Doç. Dr. Birgül Açıkyıldız, Sanat tarihçisi
Ulu Cami, tarihi boyunca Diyarbakır’da yaşamış ve yaşamaya devam eden toplulukların dinî ritüellerini gerçekleştirdikleri kutsal bir mekân olmasının yanı sıra insanların sosyal aktivitelerini de gerçekleştirdikleri bir yer. Kentte egemenlik kurmuş tüm siyasi iktidarların en önemli anıtsal sembolü olarak varlık gösterdiğinden ve burada yaşamış her topluluğa ait bir kalıntı barındırdığından, büyük bir politik sembolizme de sahip.
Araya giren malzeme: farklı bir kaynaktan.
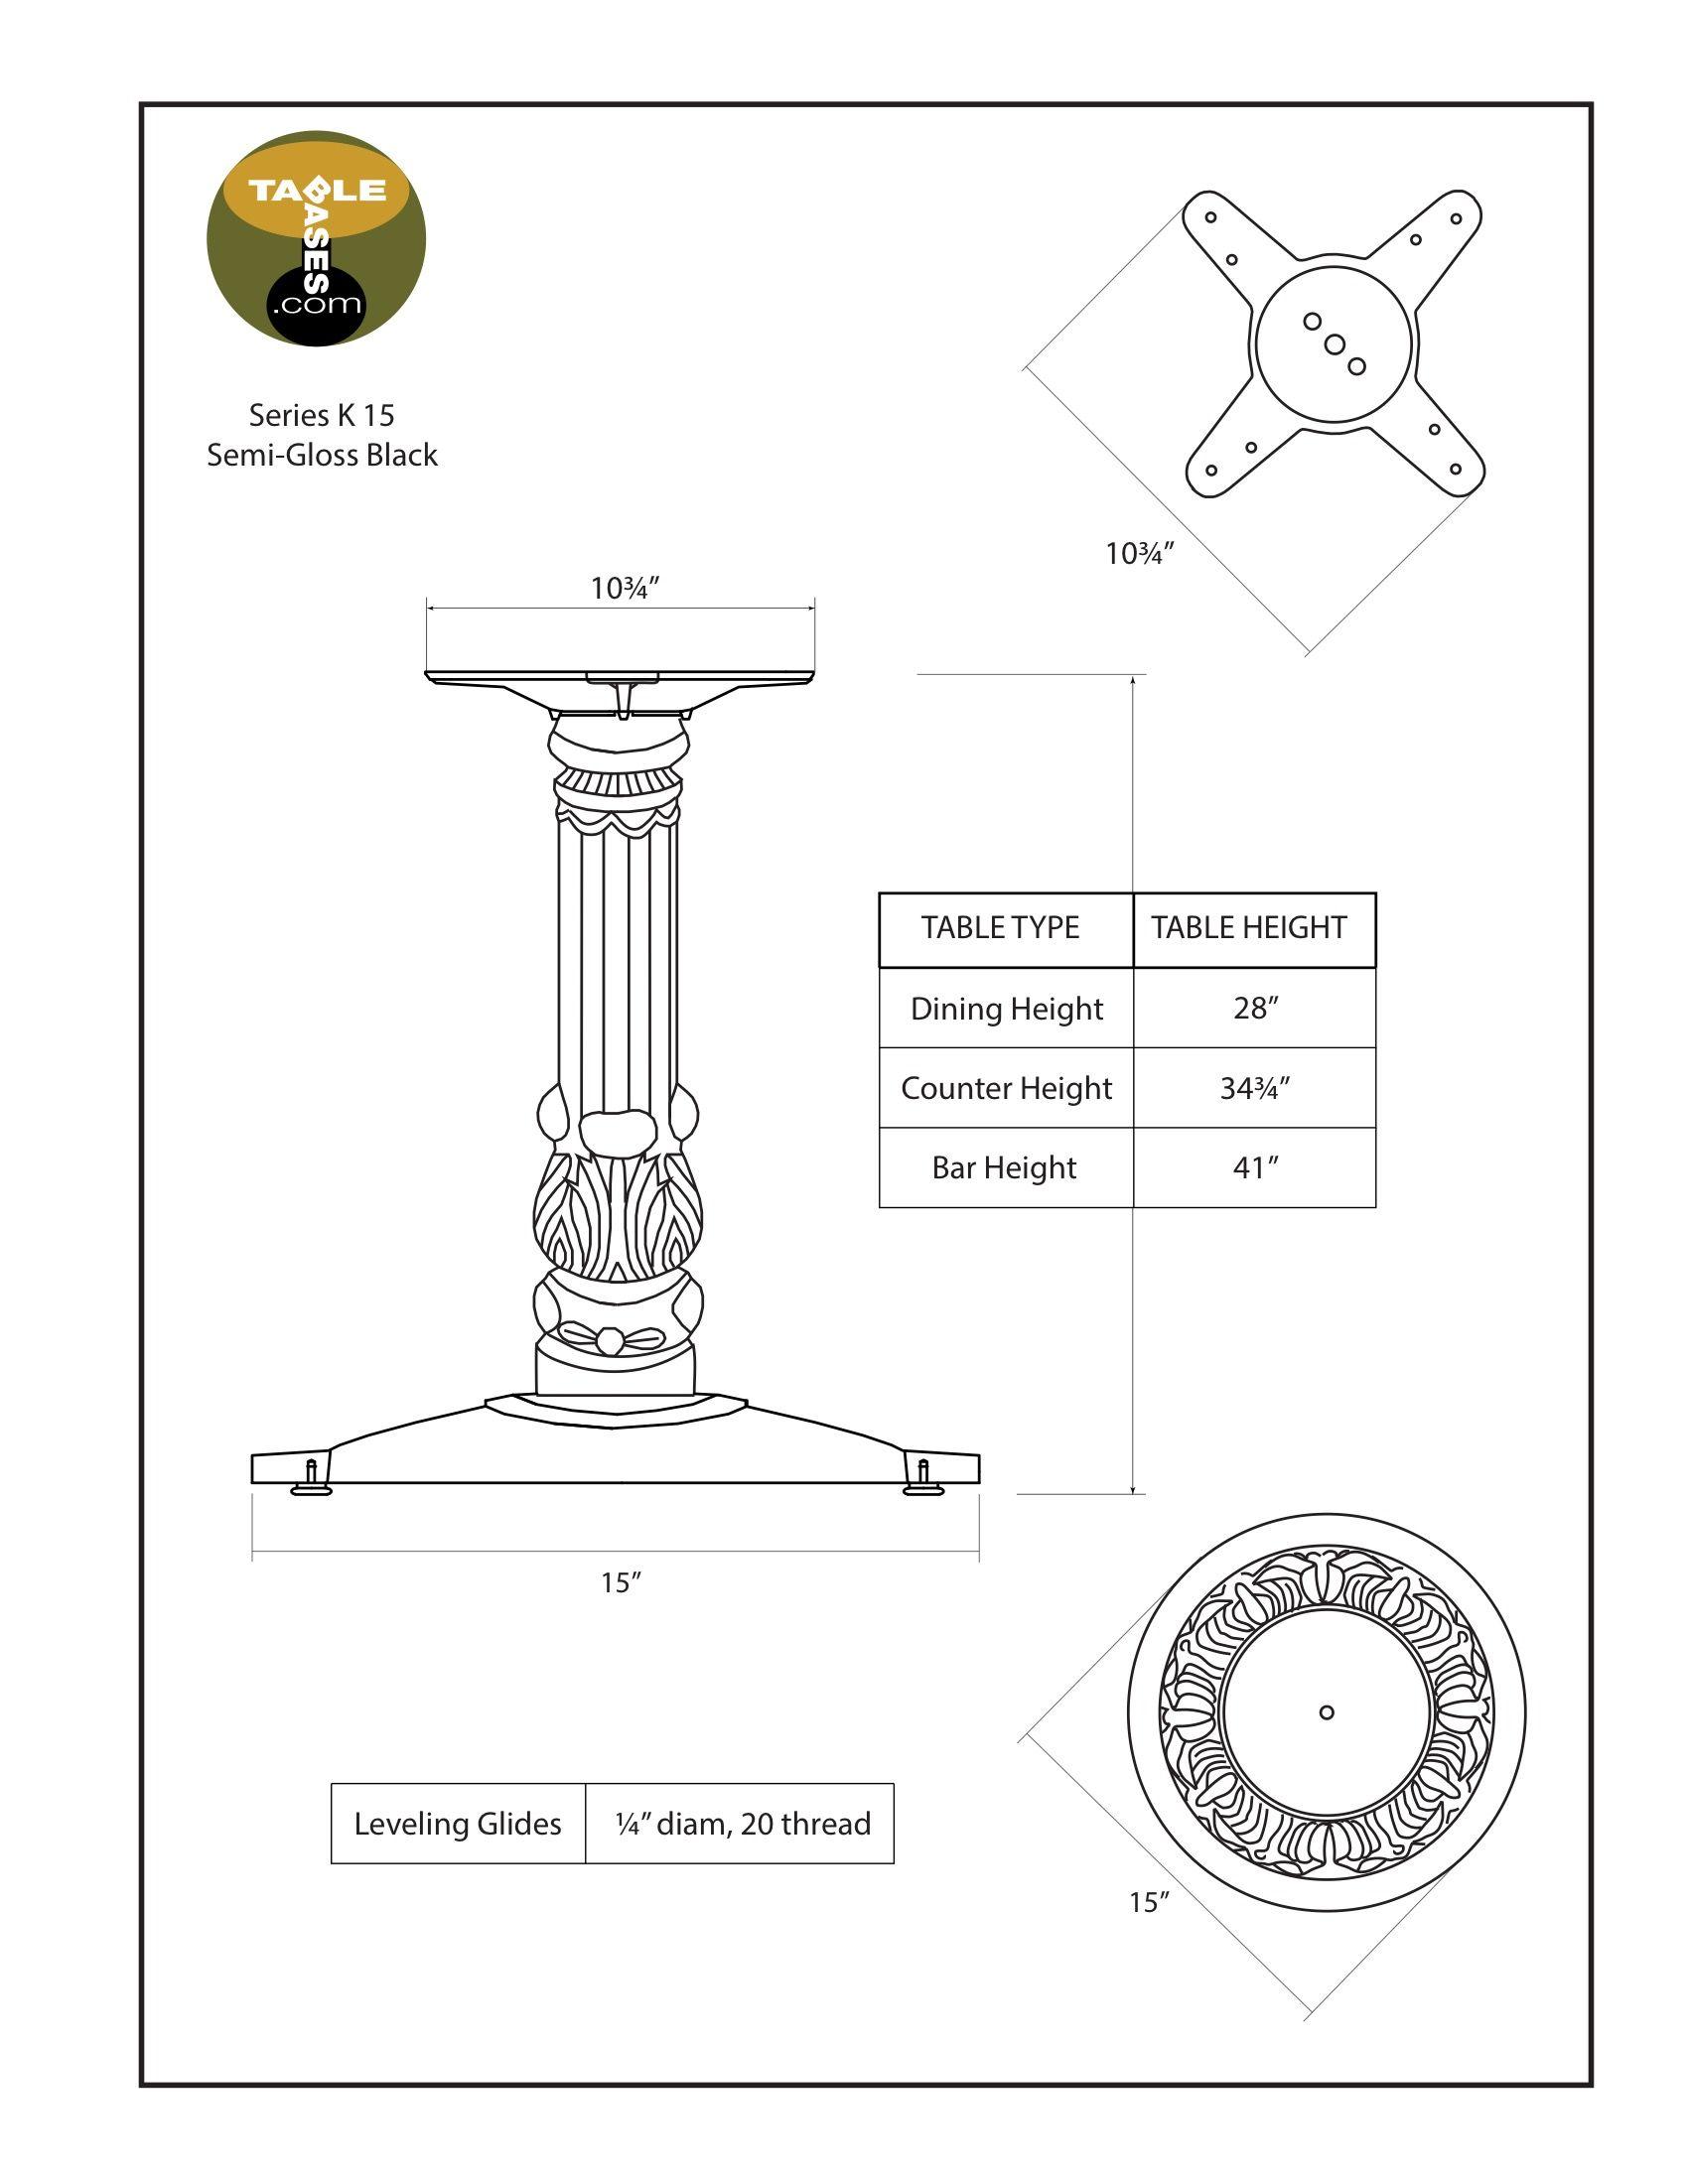 K15 Semi-Gloss Black Table Base - Specifications

Bundan dolayı Ulu Cami kentin çok etnili, dilli, kültürlü ve dinli yapısının bir yansıması olarak kültürler ve dinler arası etkileşim açısından da kayda değer veriler sunuyor.
Birgül Açıkyıldız
Ulu Cami’nin doğu yüzündeki kemerli ana giriş, hemen önündeki çarşının yükseltileri nedeniyle dışarıdan yeterince algılanamıyor. Diğer girişler ise geleneksel sokaklara açılıyor. Bazalt taşın hâkim olduğu caminin avlu kanatları, devşirme olduğu düşünülen farklı biçimdeki sütunlar ve bezemeler ile zenginleştirilmiş.
Meral Halifeoğlu
Yapının dörtgene yakın geniş avlusunun çevresinde güneyde Hanefiler Bölümü; kuzeyde Şafiler Bölümü, kuzey giriş aralığı, Mesudiye Medresesi, güney revakı, geleneksel bir ev ve helalar; doğuda daha önce muvakkithane olduğu söylenen kütüphane ve doğu girişi; batıda ise batı girişinin de yer aldığı batı revakı ile üstündeki Kur’an kursu dershaneleri bulunuyor. Sekizgen, sivri piramidal külahlı, Osmanlı Dönemi’nde yapılmış şadırvan ve birkaç basamakla yükseltilmiş namazgâh ile havuz, geniş avluda yer alan diğer birimlerden. Avlunun kuzeyinde Mesudiye Medresesi avlu revakı ve kuzey giriş aralığının önünde de bir güneş saati mevcut.
Meral Halifeoğlu
Farklı bölümlerde 2010-2017 yılları arasında yapılan arkeolojik sondaj, yapının yan yana ve alt alta çok farklı dönem kültür katmanlarının varlığına ışık tuttuğunu gösteriyor. En azından Roma döneminden (4. yüzyıl) beri kesintisiz olarak bir kült merkezi olarak varlık gösterdiği kanıtlanmış durumda. Yapıda Roma dönemine ait bir forum ve bir katedrale ait arkeolojik veriler mevcut. Kentin antik tiyatrosundan alınarak devşirme malzeme olarak kullanılan çok sayıda sütun ve silmeler de yapının güçlü Helenistik-Roma dönemi evresine ışık tutuyor.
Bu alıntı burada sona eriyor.